Фольк ушёл, а Брун спустился с балкона и подошёл к трону.
– Где тебя носит?
Ну вот, вся злость, копившаяся для Манфреда, досталась первому попавшемуся под руку.
– Заночевал у Гайи.
– Эта девица тебя погубит.
– Мы что, и вправду в сокровищницу Эбергарда полезем? – Брун перевёл разговор в иное русло. Не любит говорить о Гайе.

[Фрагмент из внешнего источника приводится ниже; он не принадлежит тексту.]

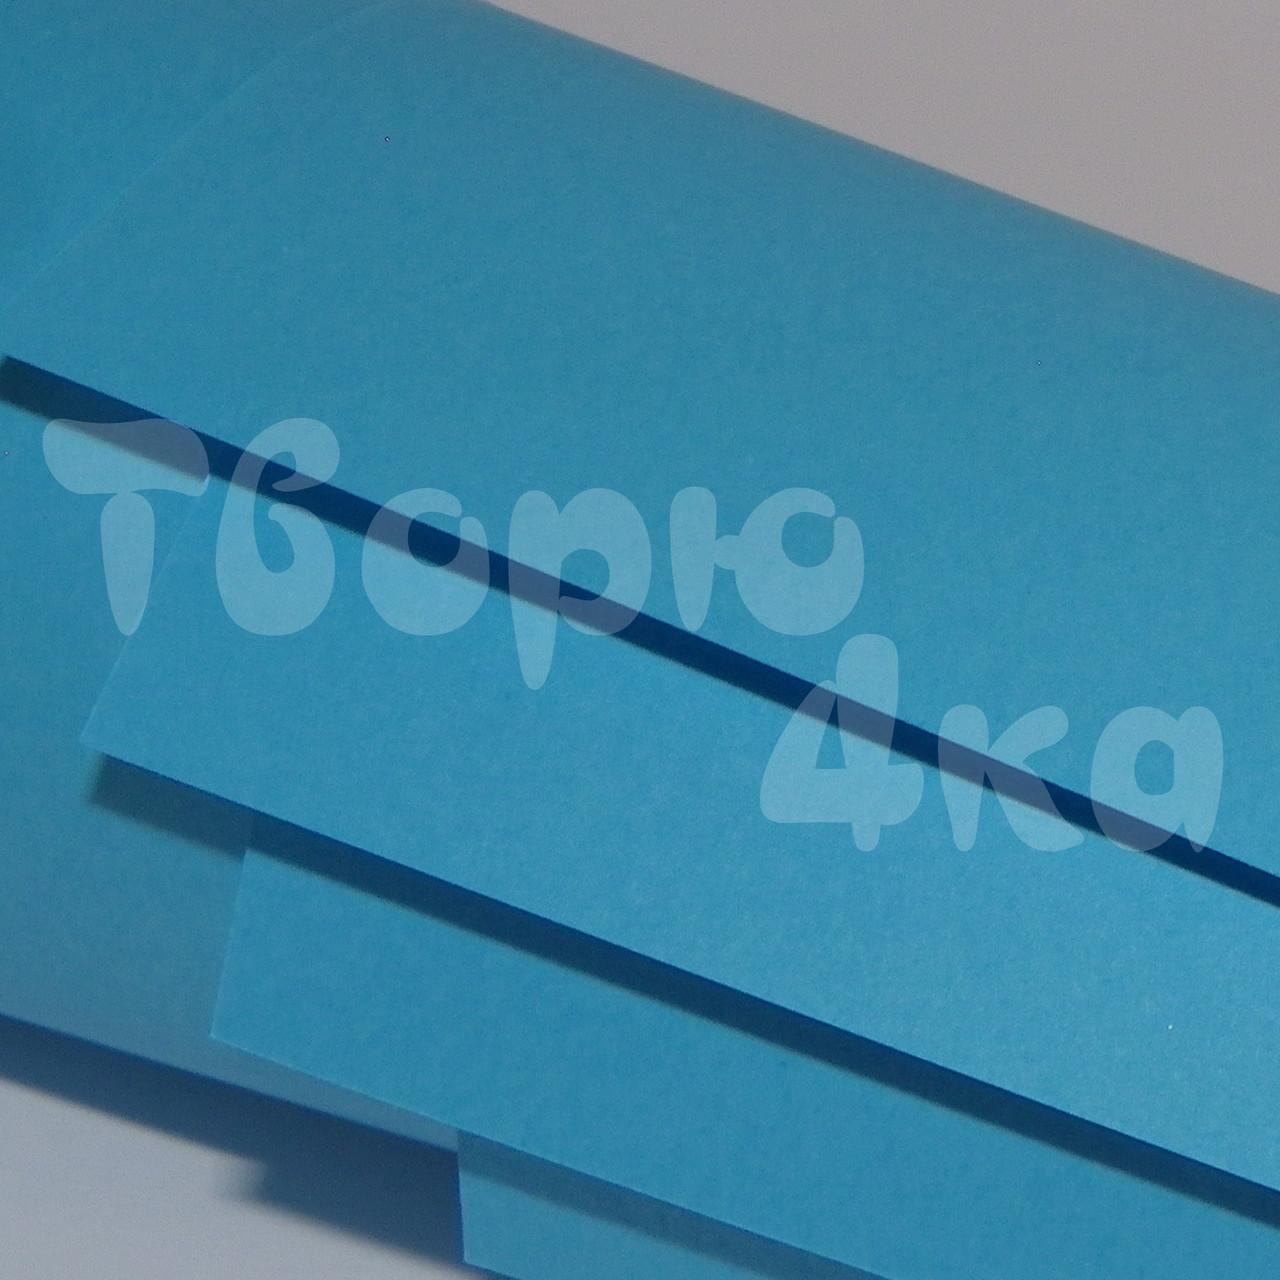 Бумага цветная А4 160 гр/м.кв deep turquoise (бирюзовый)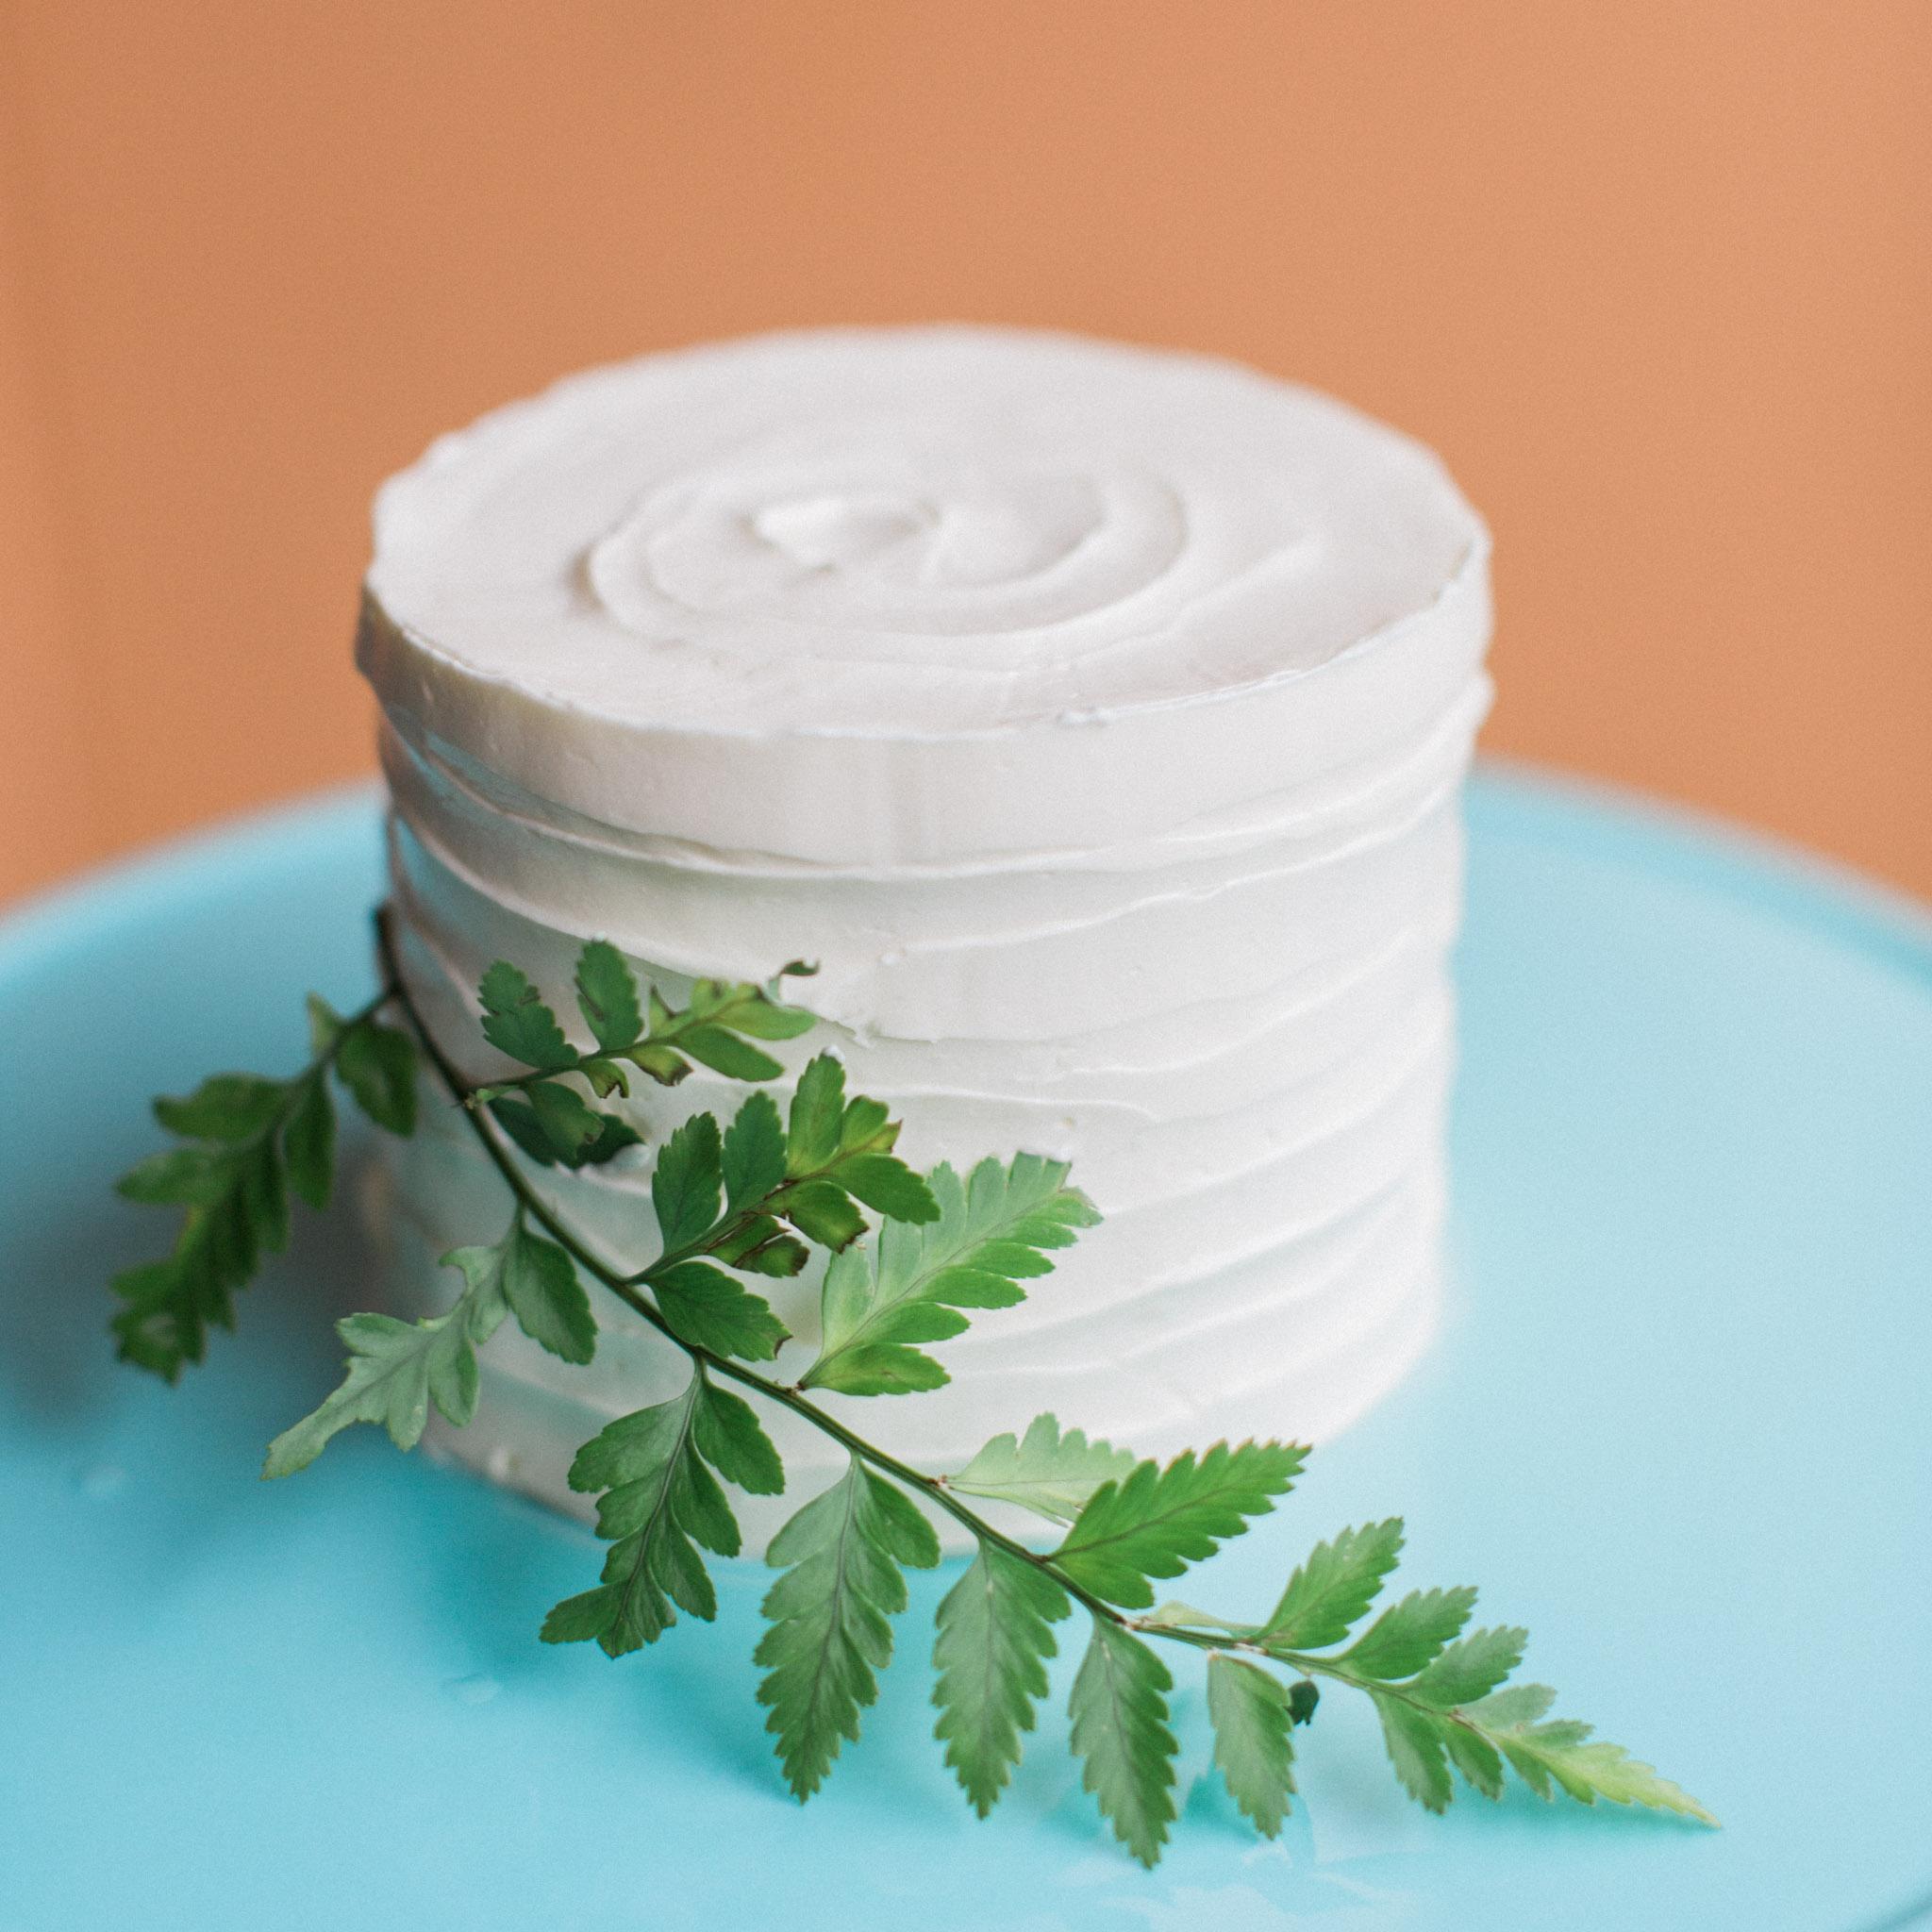 Wedding-Cake-Tasting-4-inch-cake-Marie-Shannon-Confections-Rhianna-Mercier-Photography -1.jpg

– Если заберём один меч, герцог на нас не подумает, а если и подумает, то не ополчится. Мы ведь решили проблемы с Железными, не так ли? И наконец-то можем доложить.
– Пока что не решили, и зря ты не согласился на предложение Манфреда.
– Сам знаешь, проблему с ублюдками в тоннелях нужно решать. Ты ведь даже идиотом меня назвал из-за них.
– Кто тебе сказал?
– Какая разница? Говорил или нет?
– Я сказал, что ты по-идиотски поступил и потому у нас проблемы.
– Всё я сделал правильно. Не понимаю, почему они до сих пор не передохли. Чем они там питаются, говном что ли?
В этом весь Зигфрид – сперва создаст проблему, потом найдёт решение и ждёт похвалы.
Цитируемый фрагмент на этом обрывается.